# Embed ICC profile?



## Mainer82 (Nov 24, 2010)

For some reason I have been checking the Embed ICC Profile option in Canon DPP software when I convert my RAW to JPG.  I've noticed that this is causing problems on certain computers and am wondering if in general this is a bad idea?


----------



## KmH (Nov 24, 2010)

It depends which ICC profile you are embedding.

Not all web browsers are color aware, but the color space used on the web is sRGB IEC 61966-2-1:1999.


----------



## Garbz (Nov 25, 2010)

As above.

Images should always have the ICC profile embedded. It's a way of telling programs what kind of data is in the image. It shouldn't matter for the most part. Either a program understands the ICC profile and uses it to ensure the image is accurately displayed, or it doesn't and assumes the profile is sRGB.

From the sound of it you have a bad case of using a colour space which is not sRGB and mixing it with software that just simply doesn't understand it. This is bad on multiple levels:

1) If you send someone your file, how can you be sure they will see it correctly, or print it correctly?
2) If you upload it onto the net ... well most people won't see it correctly.
3) Larger colour spaces sound great in theory but in practice what do you get out of it? Do you have a large gamut monitor? Are you printing your images at the kind of labs which charge in the tens of dollars per picture rather than .30c / photo? 
4) Larger colour spaces sound great in theory but the theory also states that for a larger than normal colour space you will need a larger bit-depth to be able to display each colour that is distinguishable by the eye in said colour space. That means no 8bit files, and ultimately NO JPEGs.
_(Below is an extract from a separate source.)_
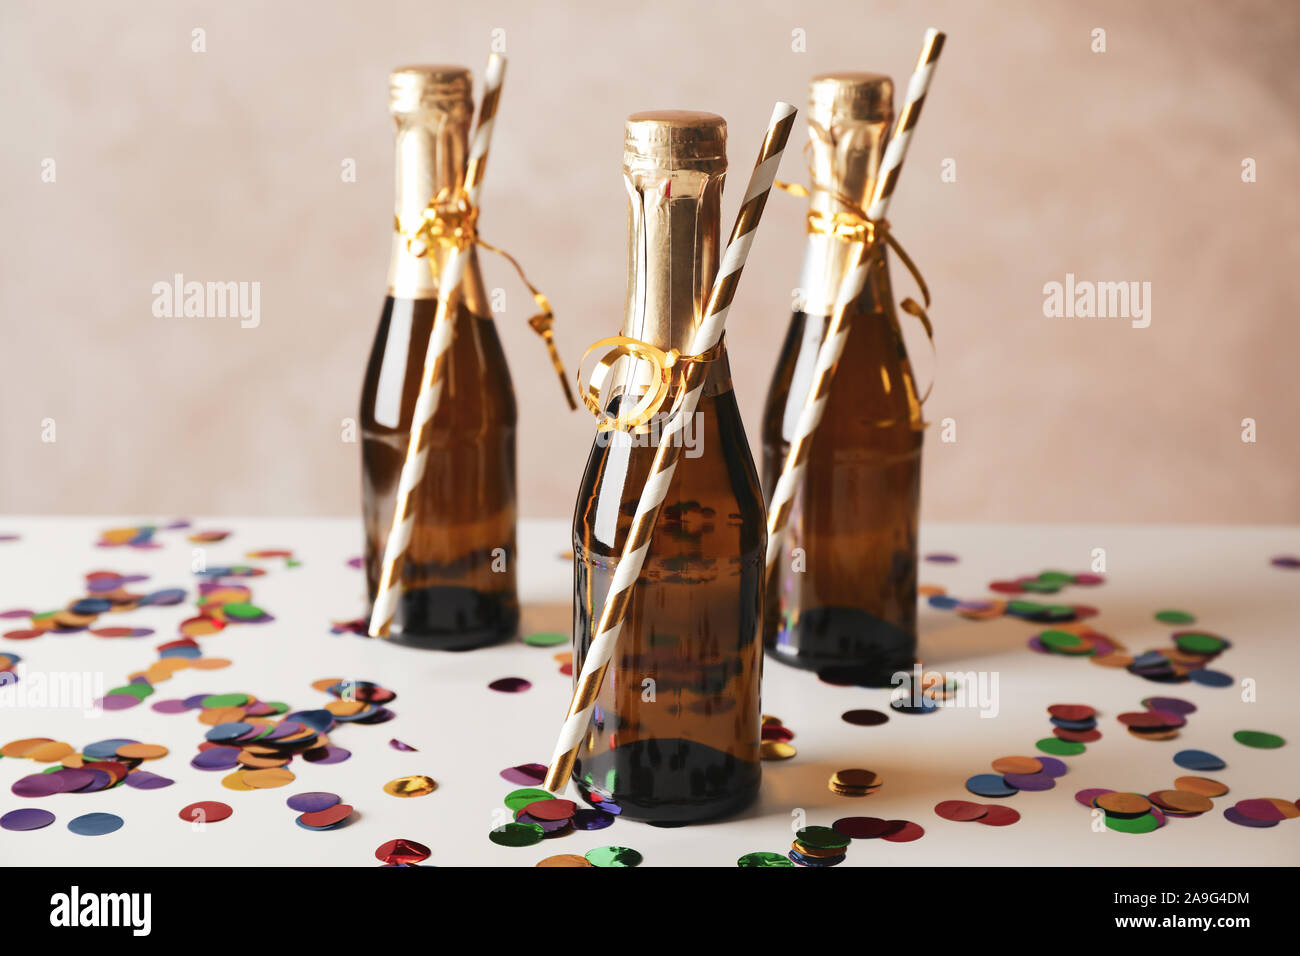 Mini champagne bottles with straws on decorated background, close up Stock Photo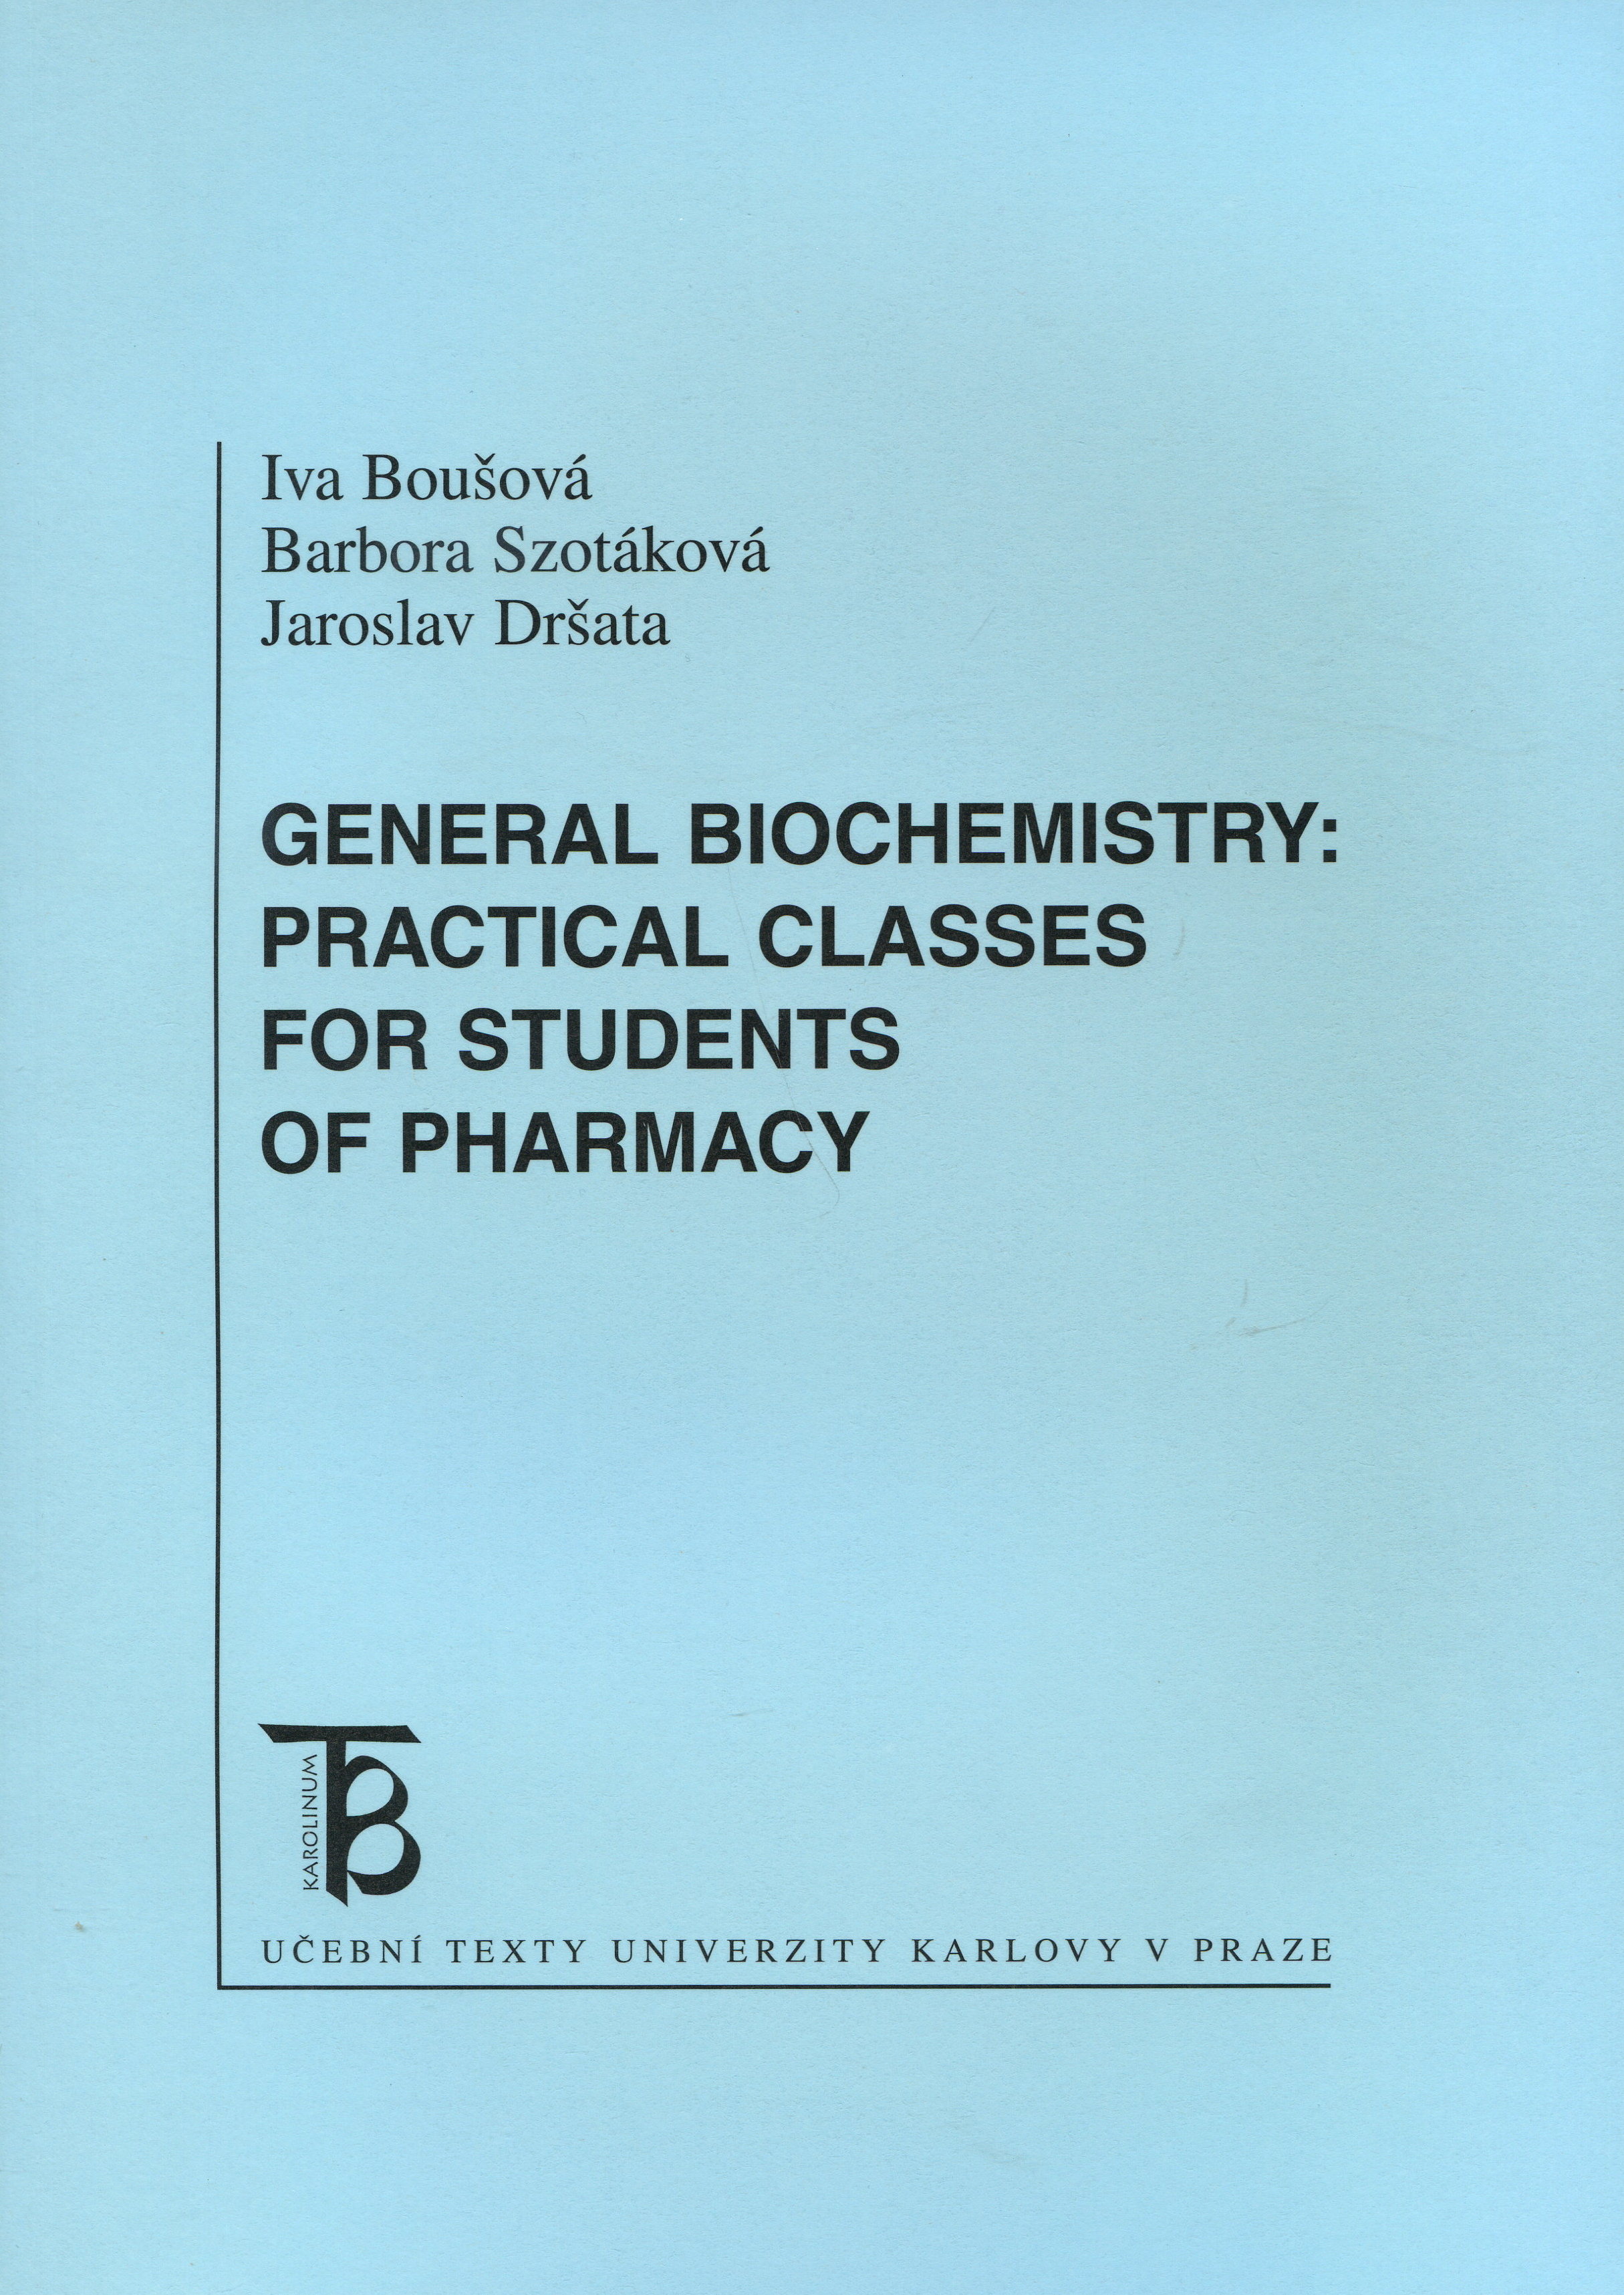 General Biochemistry: Practical Classes For Students of Pharmacy

So if you have a legitimate reason to be using a larger colour space save your files as TIF to maximise quality.


----------



## KmH (Nov 25, 2010)

Some print labs *don't* want an ICC profile embedded in an image they will be printing.


----------



## Garbz (Nov 25, 2010)

If the embedded profile is sRGB then it won't matter.

The real underlying reason is some print labs are not gear to accept anything other than sRGB. If you get a complaint about the file having an ICC profile, and you're set to sRGB then just tell them to print it anyway.

I used a company like this once. Never again. If I'm going to be printing a photochemical print I sure as hell will be doing it though a company which tries to maximise quality.


----------